Errors in RemoteManagement_agent_service.log
30/01/2017 09:46:31 Error: Communication error: The client SSL certificate is not trusted by the server. [MsgId: MERR-10343]
30/01/2017 09:46:31 Error: Two Way Communication Error: Function two_way_comm_resolve_userdata failed. Reason: invalid handle. [MsgId: MERR-60985]
30/01/2017 09:46:31 Error: Communication error: SSL write error : [param not passed in call]. (sys error message - WSAECONNRESET) [MsgId: MERR-10343]
30/01/2017 09:46:31 Error: Communication error: SSL write error : [param not passed in call]. (sys error message - WSAECONNRESET) [MsgId: MERR-10343]
30/01/2017 09:46:31 Error: Communication error: SSL write error : [param not passed in call]. (sys error message - WSAECONNRESET) [MsgId: MERR-10343]
30/01/2017 10:15:44 Error: Two Way Communication Error: Function two_way_comm_resolve_userdata failed. Reason: invalid handle. [MsgId: MERR-60985]
30/01/2017 14:05:40 Error: Communication error: Failed to connect to remote host [server full name: almrwcpcmt125-mil5.saas.hpe.com]. [MsgId: MERR-10343]
30/01/2017 14:05:40 Error: Two Way Communication Error: Function two_way_comm_resolve_userdata failed. Reason: invalid handle. [MsgId: MERR-60985]
30/01/2017 14:05:40 Error: Communication error: Failed to send message - socket is not connected yet. [MsgId: MERR-10343]

  • Hi Claire,

    Thanks for the update and kodus for the impressive drill down.
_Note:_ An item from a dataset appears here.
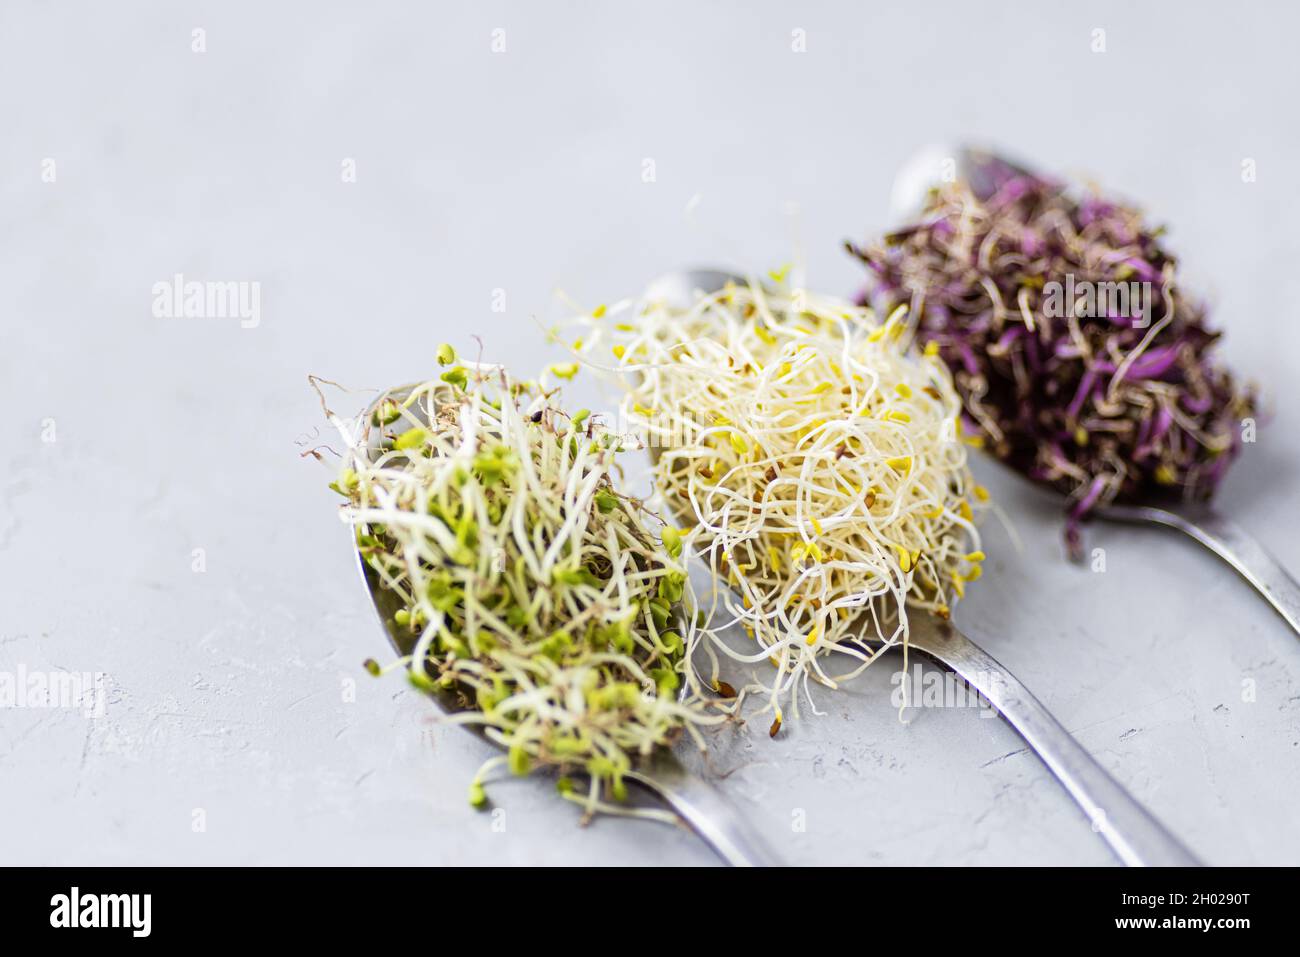 Flat lay top view of microgreens assortment on gray concrete background. Fresh alfalfa sprouts, broccoli flower buds, coral buds, mixed garnish Stock Photo

    It does seem strange and unrelated. Let me consult with subject matter experts internally. I will get back to you soon.

    Regards,

    Shlomi

     

  • Hi Claire,

    I have asked experts in the team and an assumption was made why it might be related. I'd like to check with you whether the assumption is corect.

    Does the Load Generator connects to the MI Listener using HTTP tunneling through the Apache proxy? If so, then the change in the configuration done in Apache/WebLogic might be related.

    In any case please make sure the timeout you defined is higher than the one defined in the LG agent settings  

    Regards,

    Shlomi

  • Hi Shlomi

    Thanks for your response.  On my LG, I have my agent configured as 'Enable Firewall Agent'.

    MI Listener Name is set
    Local Machine Name is set
    Connection Timeout (seconds) is 30

    Connection Type is TCP

    User Secure Connection (SSL) is checked.

    I have a ticket now open with the support team.  Unfortunately, adjusting the timeout doesn't appear to have a consistent impact, and I'm unable to determine any further information from the LR agent logs.  

     

    I should mention that reported back in Saas when this situation arises, I get the following type error:

    -27778 [GENERAL_MSG_CAT_SSL_ERROR] read to host <my host name> failed [10053].  Software caused connection abort.

  • Hi Claire,

    In the past when I practiced it myself I used to reduce the timeout to 5 seconds in order to ensure the agent always connects to the MI Listener. Not sure if will be good in this case, worth a try.

    Now that you have a ticket opened, please share with the support team a link to this post. I believe it will be easier to handle this case by actually looking at your system.

    Regards,

    Shlomi

  • Verified Answer

    Just an update, that we have resolved this issue locally.

    Basically, having run a wireshark trace, filtering between out LG and the MI listener, it was observed that we had a lot of packet retransmissions and such like accumulating in the run up to failure.

    Running a test on another LG did not generate any issues.

    It was then observed that the original LG only had a link speed of 100 Mbps, whereas the second LG had a link speed of 1 Gbps.  After speaking with our network team, it was established that we may have had an issue with the switch relating to our lab in recent weeks, that I wasn't previously aware of.  We hooked the LG into a 1 Gbps link, and the test completes again successfully without any issue.

    The 'network performance' view on the LG didn't really highlight any capacity issues.  It wasn't until we studied the wireshark trace and investigated further, that we noticed the link speed issue.

  • Thanks a lot for sharing Claire. Very useful for information.

    Glad to hear the issue is behind us.

    Regards,

    Shlomi